Beyond the Hype: A dispassionate look at vision-language models in medical scenario

Yang Nan,Huichi Zhou,Xiaodan Xing,Guang Yang
2024-08-16
Abstract:Recent advancements in Large Vision-Language Models (LVLMs) have demonstrated remarkable capabilities across diverse tasks, garnering significant attention in AI communities. However, their performance and reliability in specialized domains such as medicine remain insufficiently assessed. In particular, most assessments over-concentrate in evaluating VLMs based on simple Visual Question Answering (VQA) on multi-modality data, while ignoring the in-depth characteristic of LVLMs. In this study, we introduce RadVUQA, a novel Radiological Visual Understanding and Question Answering benchmark, to comprehensively evaluate existing LVLMs. RadVUQA mainly validates LVLMs across five dimensions: 1) Anatomical understanding, assessing the models' ability to visually identify biological structures; 2) Multimodal comprehension, which involves the capability of interpreting linguistic and visual instructions to produce desired outcomes; 3) Quantitative and spatial reasoning, evaluating the models' spatial awareness and proficiency in combining quantitative analysis with visual and linguistic information; 4) Physiological knowledge, measuring the models' capability to comprehend functions and mechanisms of organs and systems; and 5) Robustness, which assesses the models' capabilities against unharmonised and synthetic data. The results indicate that both generalized LVLMs and medical-specific LVLMs have critical deficiencies with weak multimodal comprehension and quantitative reasoning capabilities. Our findings reveal the large gap between existing LVLMs and clinicians, highlighting the urgent need for more robust and intelligent LVLMs. The code and dataset will be available after the acceptance of this paper.

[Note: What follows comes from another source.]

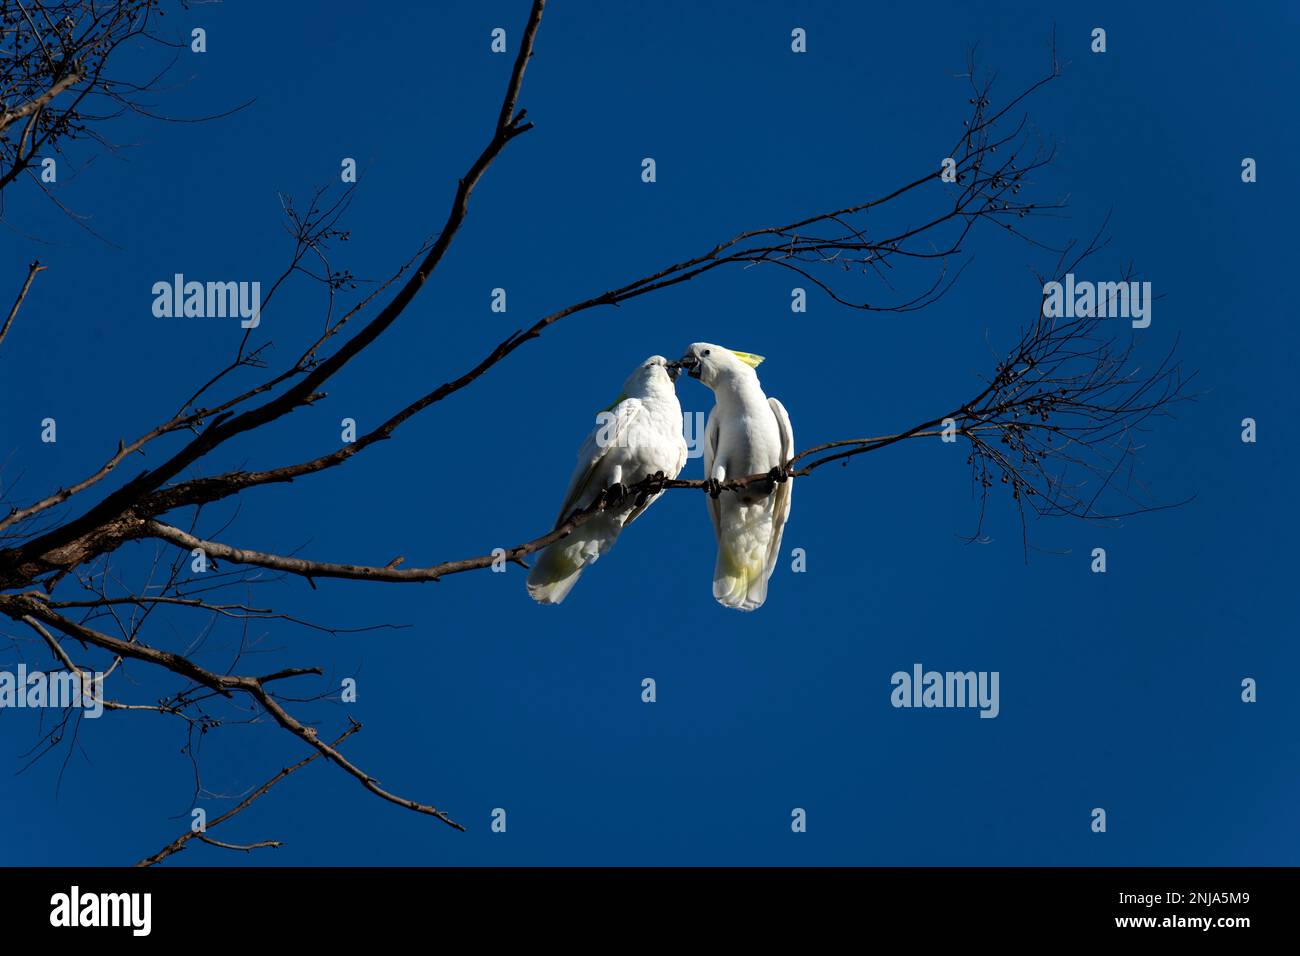 A pair of Sulphur-Crested Cockatoos (Cacatua galerita) expressing love on the branch of a tree in Sydney, NSW, Australia (Photo by Tara Chand Malhotra Stock Photo
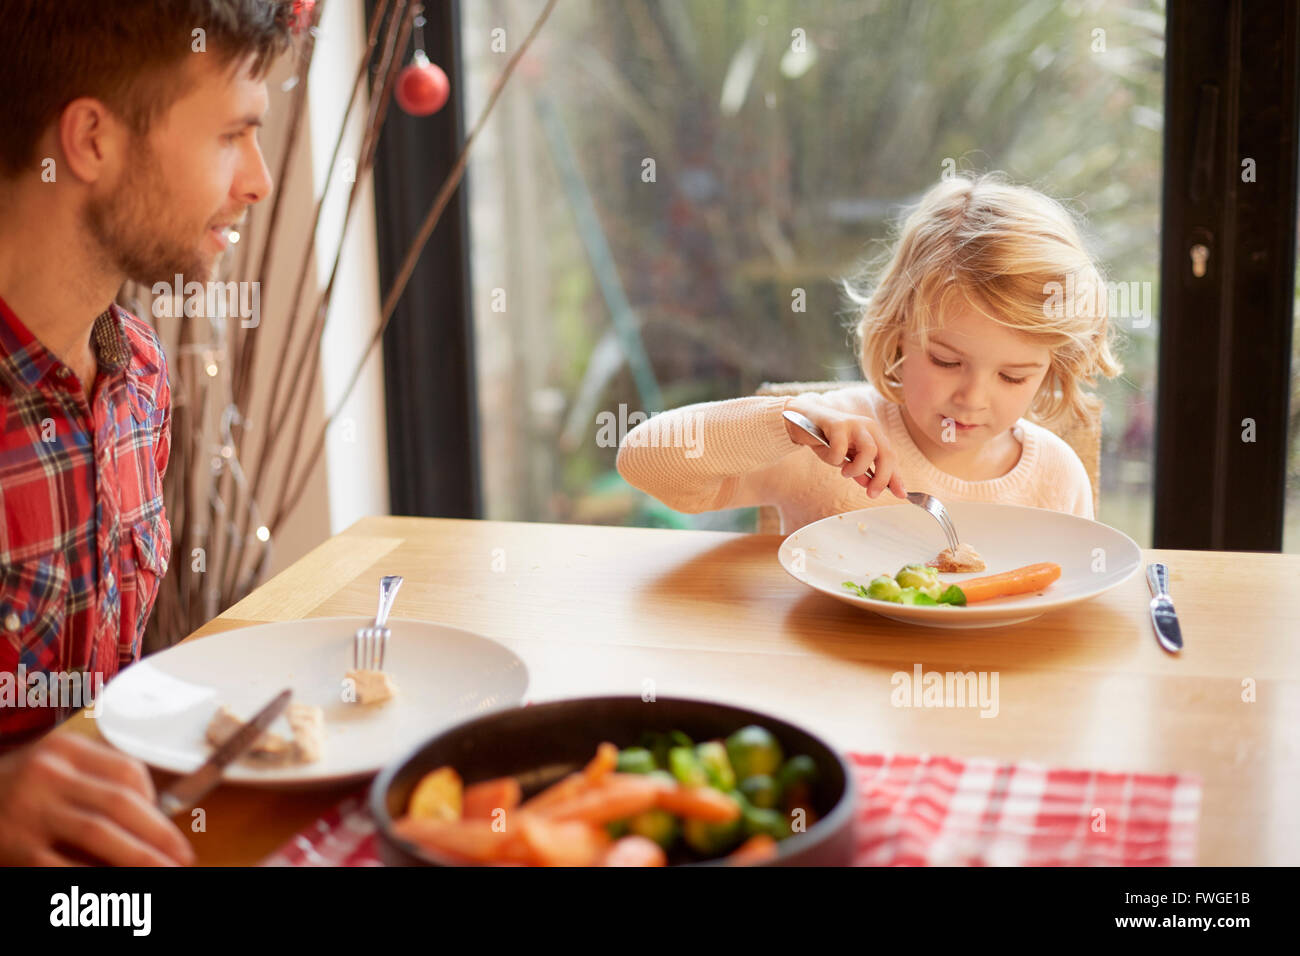 A child and a man sitting at a table eating a cooked meal. Stock Photo

Computer Vision and Pattern Recognition,Artificial Intelligence
What problem does this paper attempt to address?
### Problems the Paper Aims to Solve The paper aims to address the issue of inadequate performance evaluation of Large Vision-Language Models (LVLMs) in the medical field. Despite the impressive performance of LVLMs in various tasks and the widespread attention they have garnered in the AI community in recent years, their performance and reliability in specialized fields like medicine have not been thoroughly assessed. Specifically, existing evaluations mostly focus on visual question answering (VQA) on simple multimodal data, neglecting the deeper characteristics of LVLMs in medical scenarios. To this end, the authors propose a new benchmark dataset, RadVUQA, for comprehensive evaluation of existing LVLMs. RadVUQA evaluates models from five dimensions: 1. **Anatomical Understanding**: Evaluates the model's ability to recognize biological structures. 2. **Multimodal Understanding**: Assesses the model's ability to interpret language and visual instructions. 3. **Quantitative and Spatial Reasoning**: Evaluates the model's spatial awareness and its ability to combine quantitative analysis, visual, and language information. 4. **Physiological Knowledge**: Assesses the model's understanding of organ functions and mechanisms. 5. **Robustness**: Evaluates the model's performance on discordant or synthetic data. The study finds that both general-purpose LVLMs and medical-specific LVLMs exhibit significant deficiencies in multimodal understanding and quantitative reasoning. These findings reveal a substantial gap between existing LVLMs and clinical needs, highlighting the urgent need to develop more robust and intelligent LVLMs.